I know that (1) is the conservation of energy equation but i can't understand what (2) and (3) represent?
 A: If what you want a gut-feeling of what these equations mean, I can share mine.
Equation (2) is a consequence of the two others. Take the time-derivative of (3), remembering that K and $\lambda$ are constants and $H=\dot a/a$,  combine this derivative with (1) and (3) and you get (2). So no gut-feeling for that one, just trivial algebra.
Now gut-feeling of (1):
The mass volumic density can change in two ways: either by changing the volume for the same amount of mass (term $-3H\rho$ ) or creating or losing energy (which is the same as mass, of course) because of positive or negative work of the pressure (term $-3HP$). OK, you might not be really convinced, but think it over. If you ignore pressure, then the mass in a comoving volume is strictly constant, and (1) for zero pressure just tells you that the mass volumic density behaves like the inverse cube of $a$.
Finally, equation (3).
Multiply by $a^2$. Then the right-hand-side is $\dot a^2$, kinetic energy per unit mass. Second term, if we had $\rho  a^3$ that would be total mass. But we just have $\rho a^2$, so this is mass $M$ divided by radius $a$. $(8\pi GM/3)/a$ opposite of the gravitational potential energy per unit mass. Now $K$ is a constant, total energy. For $\lambda=0$ you have kinetic energy as the total energy minus (negative) potential energy, An intuitive feeling for $\lambda a^2$.... that's another story.
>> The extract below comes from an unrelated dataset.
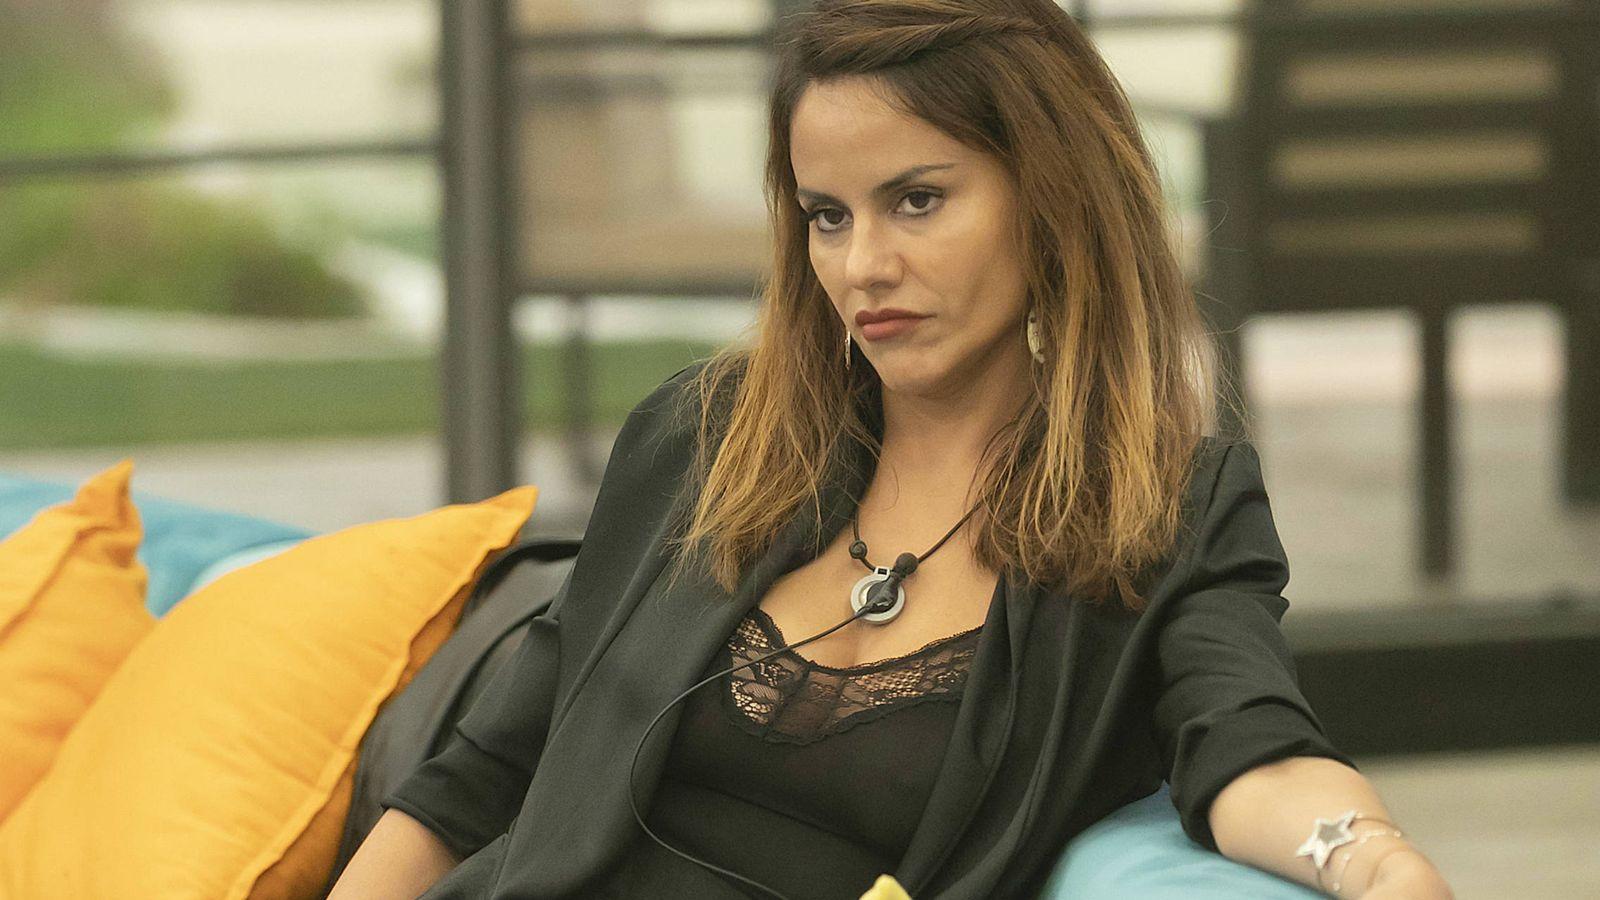 Celebrity Monica Hoyos nude (62 photos), Topless, Paparazzi, Twitter, panties 2006
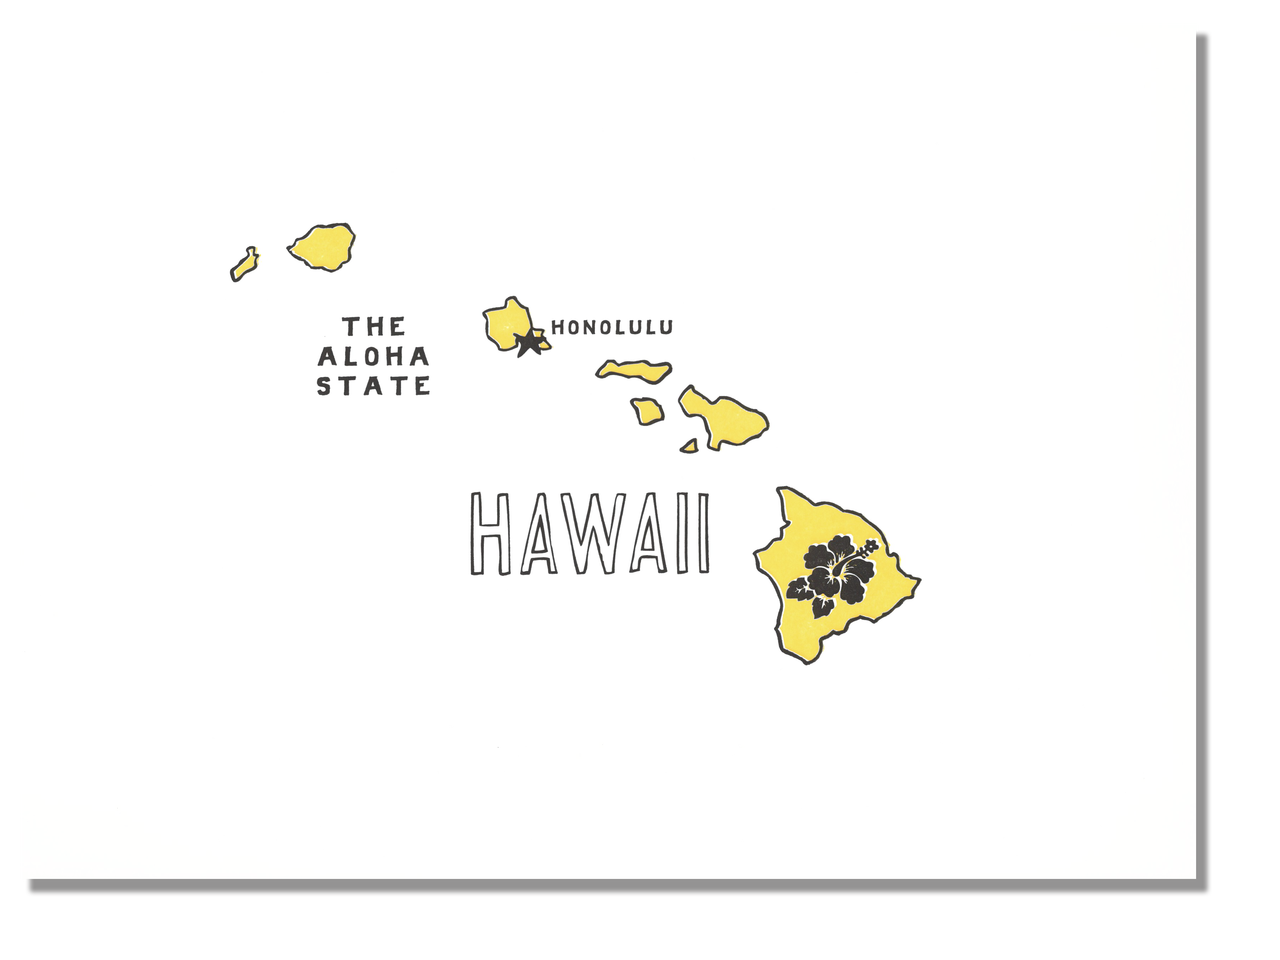 Hawaii State Print: The Aloha State

I hope that helps... This is just gut-feeling, it would need a lot of work to make is precise. But his is the way I look at them.
A: You can arrive at equations (2) and (3) by plugging the Robertson-Walker metric into the Einstein field equations. The universe is modelled as a perfect fluid so the energy-momentum tensor is $(T_{ab})=\text{Diag}(\rho,P,P,P)$ and the first equation comes from the $T_{00}$ (time) part of the field equations, the second from the spacial part once you have plugged in the metric.
Note that the three equations are not independent, though any choice of two of them are, the continuity equation (1) $\nabla^a T_ab =0 $ may be obtained directly from the field equations by applying $\nabla^a$ and applying the Bianchi identity and metricity property of the Levi-Civita connection.
Hope this helps :)